The new Finance secretary said the incoming administration will move away from the chronic underspending seen in the past few years, by investing in building infrastructure that is necessary to make the Philippines a 21st century economy: “from modernizing our ports to improving our logistical spine to ensuring reliable and cheap power for all the islands.”

He expressed hope that with the two-day dialogue and workshop, the public and private sectors could jointly start refining the reforms that would be put in place over the next six years.

Dominguez said the tasks of the DOF in the incoming administration rest on the following prepositions: raising the money government requires to operate and invest in social goods such as infrastructure, health facilities and quality educational institutions; ensuring the sustainability of the government’s financial affairs; and playing a key role in making the country’s economic growth more inclusive.

“This can be achieved by: rethinking our investments incentives; reconfiguring our taxation system to build a robust middle class; and, reinventing our trade and tariff policies so that we may take advantage of free trade without sacrificing the development of our industries,” he said.
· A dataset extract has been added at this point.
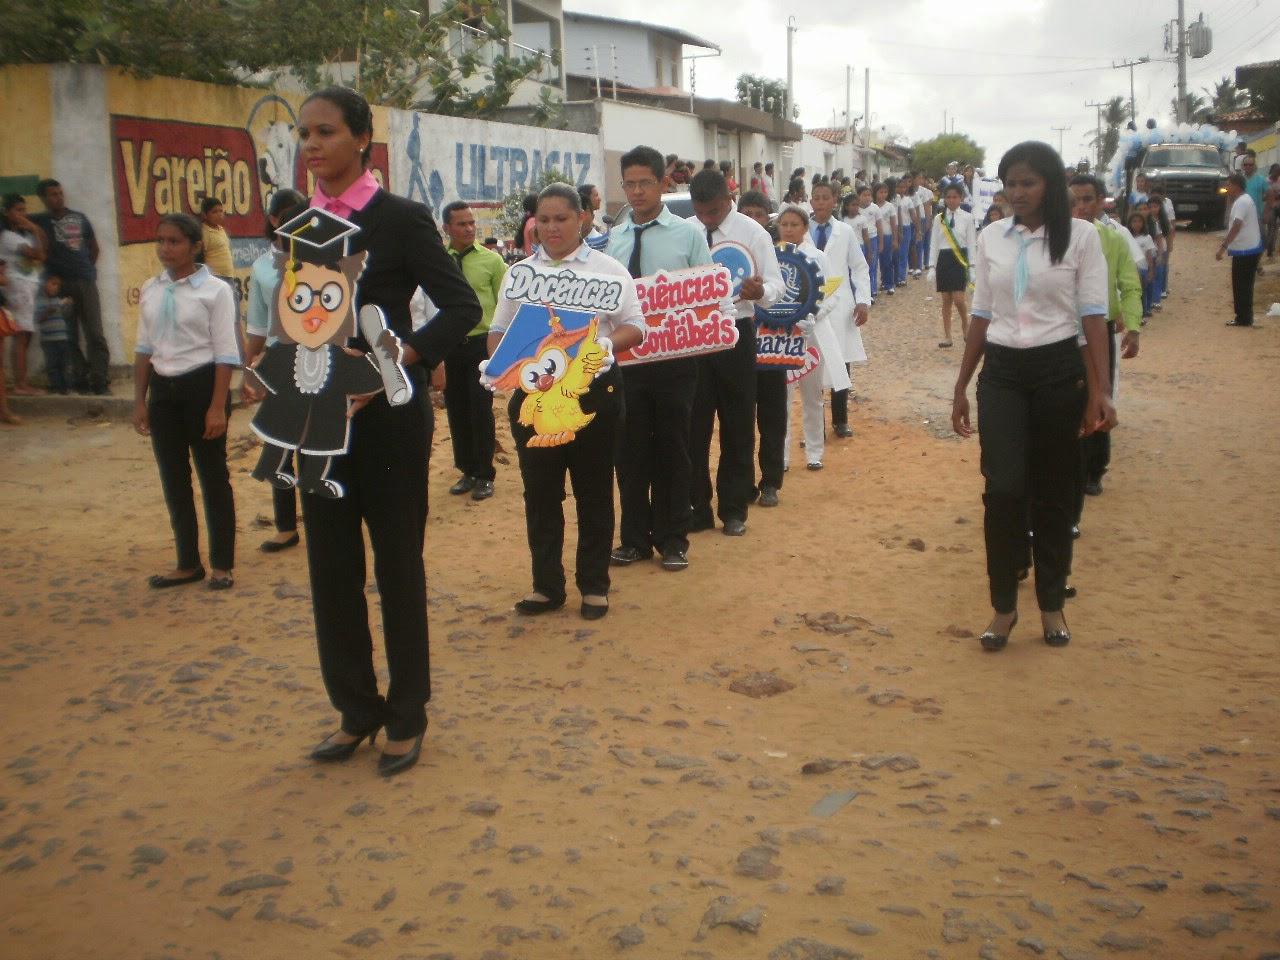 ... cada membro funcionário da escola na contribuição da sua parte social 1409b0ed0d00e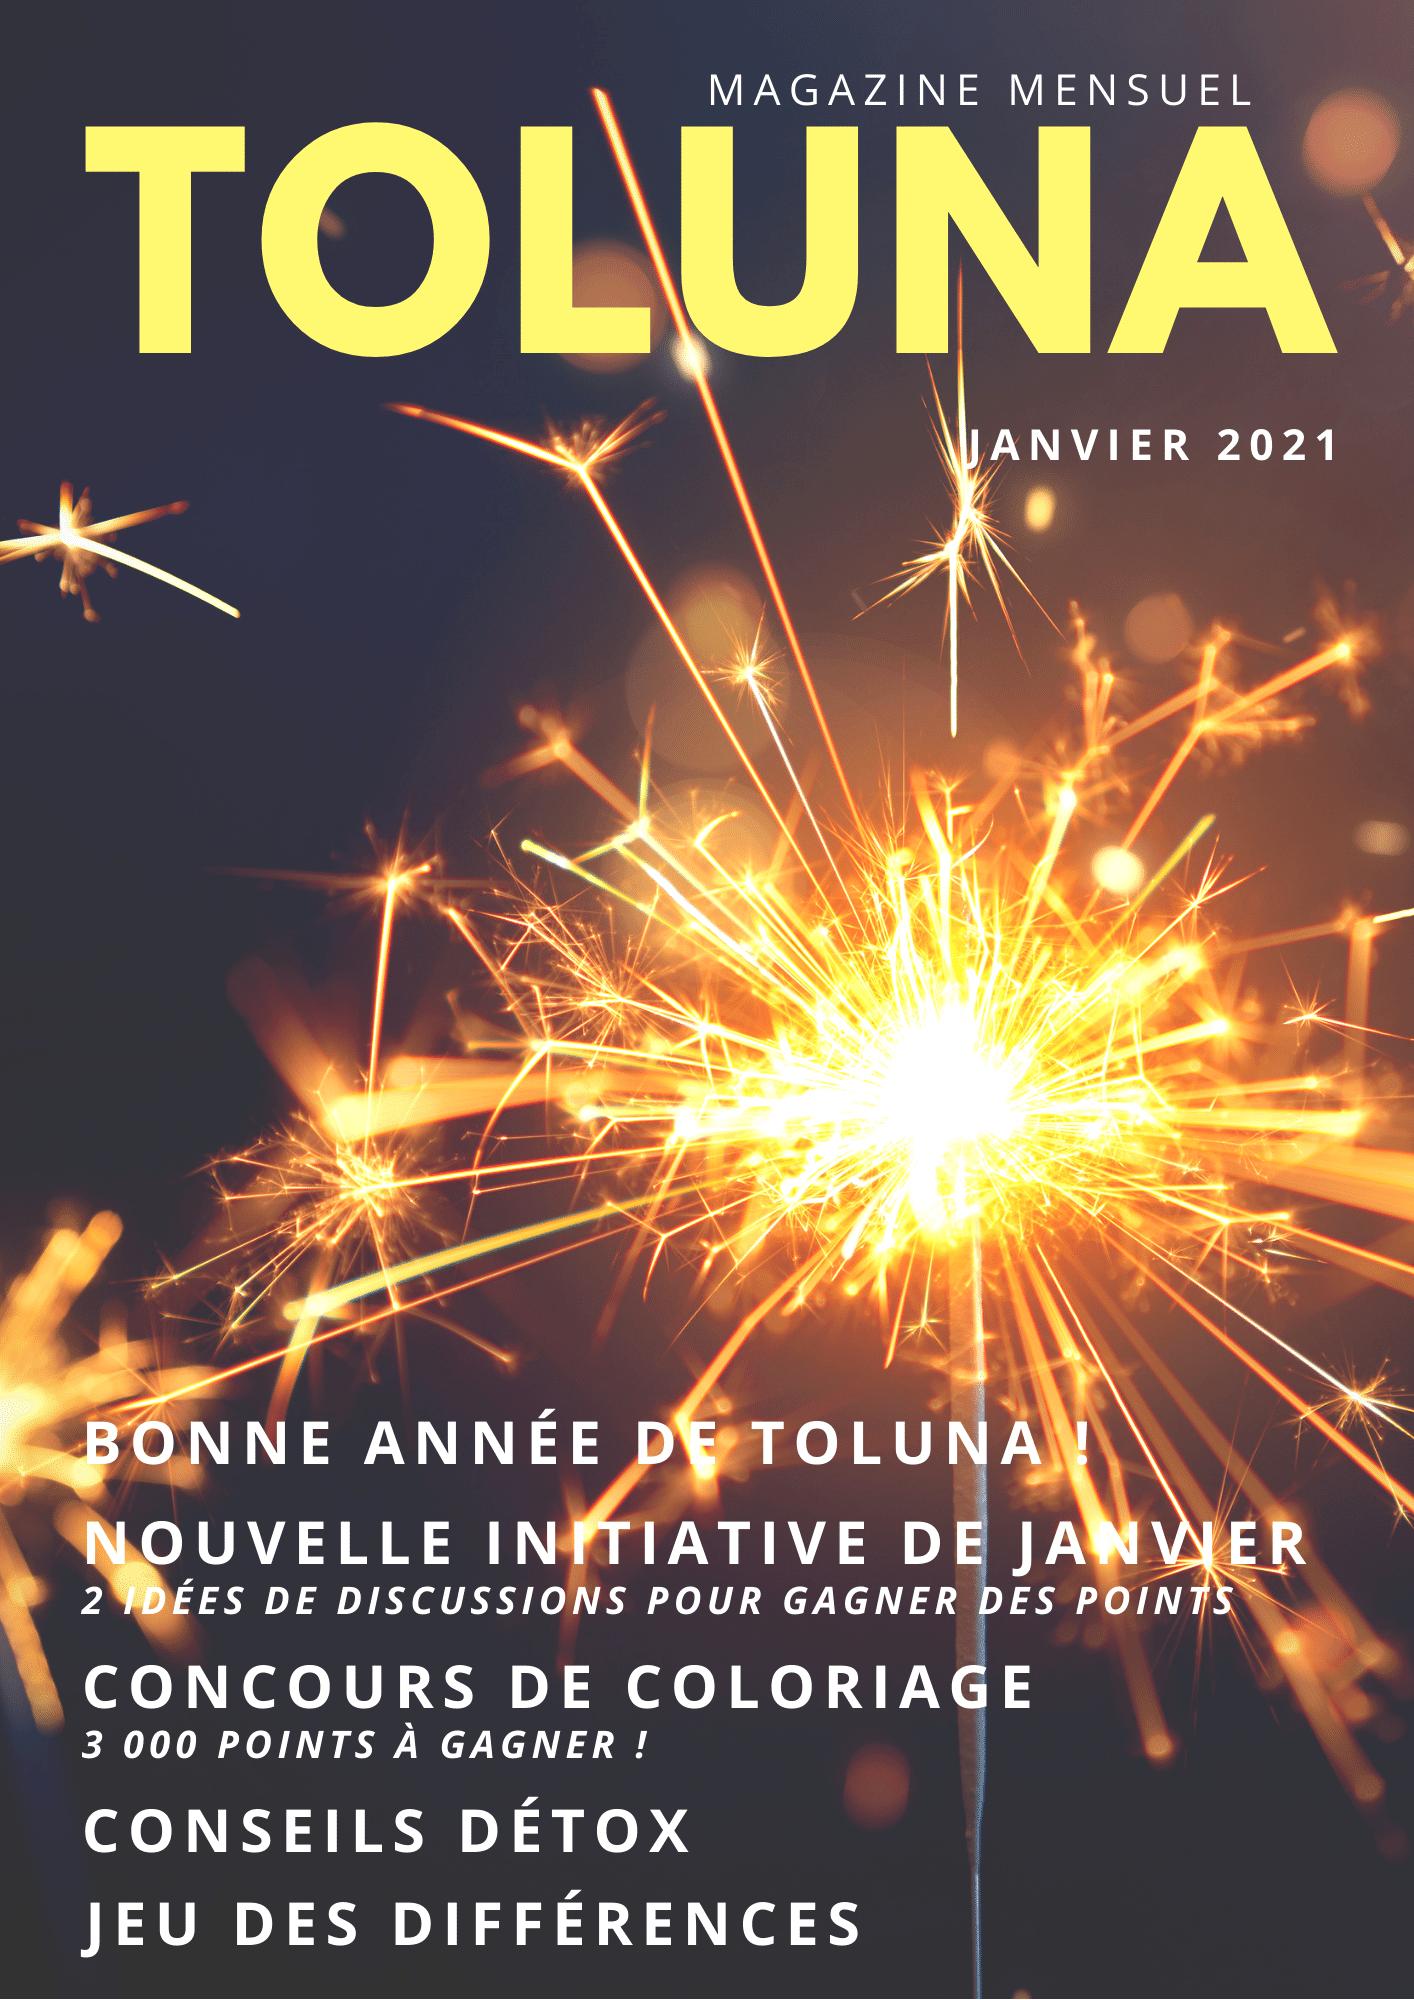 JAN FR Toluna News (3)

Dominguez also said the new administration will review the tax system, initially to update the income tax brackets and eventually to lowering corporate and individual tax rates.

The new administration will also push forward the development of rural areas to generate more job opportunities in the countryside, which will involve modernizing agriculture and encouraging agribusinesses to generate higher value added products.

“The new administration will push forward with the challenging task of bureaucratic reform. With these, we hope to improve on the ease of doing business. More important, we want a bureaucracy that is most responsive to the needs of our citizens,” he added.

Rebalancing the economy

Incoming economic Secretary Ernesto Pernia said poverty- and inequality-reducing economic growth entails a major rebalancing of the economy.

Citing an example, Pernia said that between 2006 and 2012, poverty eased by just more than 1 percentage point.

“The number of poor people has been increasing. In the first quarter of 2014, poverty incidence was recorded at 26.2 percent. That is about 26 million poor Filipinos,” he said.

The Duterte administration aims to reduce poverty incidence to between 15 percent and 16 percent in the next six years, which means a reduction by between 1.25-percentage points and 1.5-percentage points every year.

Besides disbursing the infrastructure budget in the right places, where the poor dominate the local population, the new administration will also strengthen the implementation of the Responsible Parenthood and Reproductive Health Law to enable especially poor couples to make informed choices on financial and family planning.

To achieve its poverty-reduction goal, the Philippines should transform its economy into an investment- and exports-driven one from being consumption-led, Pernia said.

The Duterte administration will also have to focus on the development of manufacturing and agricultural sectors to generate more jobs for the poor, he added.